Travelling through Iran, the locals would joke about the "fashion police."
Squads of uniformed men hunted out anything deemed immoral - tight clothes, scarves too far back on the head, tattoos. Although the police officers' enforcement of the rules was the brunt of many a comical tale, the dress code was far from funny. It's a constant reminder that the republic only played the charade of a democracy.
Fears of this form of oppression have prompted Quebec's leaders to propose its own form of oppression in the Charter of Quebec Values. In the Parti Québécois's bid to "entrench the religious neutrality of the state and the secular nature of public institutions," it has eaten away at religious practices and beliefs and opted for a uniformed province.
Quebec Premier Pauline Marois has taken a page out of Iran's moral security plan in introducing the proposed values. The document would bar teachers, civil servants, daycare workers, university staff, health-care personnel and provincial judges from wearing "ostentatious" religious symbols on the job, which on officials' lists includes a hijab, turban, kippa and large visible crucifix. At the same time, it won't remove religious symbols considered "emblematic of Quebec's cultural heritage" from government buildings.

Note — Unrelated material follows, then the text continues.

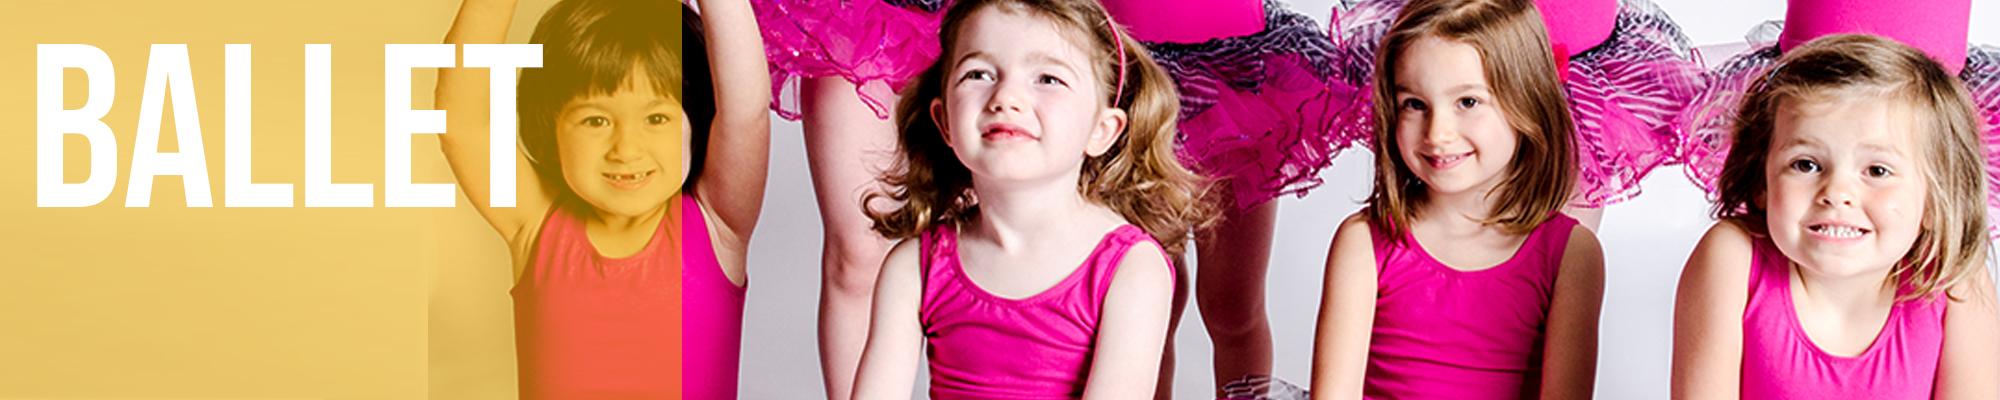 ballet primary banner.jpg

The cheese curds hidden in this bureaucratic poutine are an assault on anyone not seen as Quebecois - i.e. immigrants and non-Catholics. And although I'm not religious, I am fearful of any government that treads on such beliefs and practices. This affects us all.
Where does it stop? Will women be asked to remove Hermes scarves? Will Battlefield Earth T-shirts be seen as promoting L. Ron Hubbard's Scientology? Will necklaces that include feathers be forbidden as they may be interpreted as sacred to the First Nations? Fashion police?
There are so many ugly grey areas with this set of "values" that it's appropriate that the document is packaged in a cover depicting a cold, grey stone wall. This charter rocket launches the government in the opposite direction of reaching a "neutral state," making it one that dictates cultural norms.
Uniformity, Madame Marois, is not a utopian goal. Some folks in the U.S. South aim to achieve it with their Hooded Order. A guy in Germany played his "Aryan" vision out, killing millions. While this doesn't touch those atrocities, the seed behind it is spawned from the same negligent evil.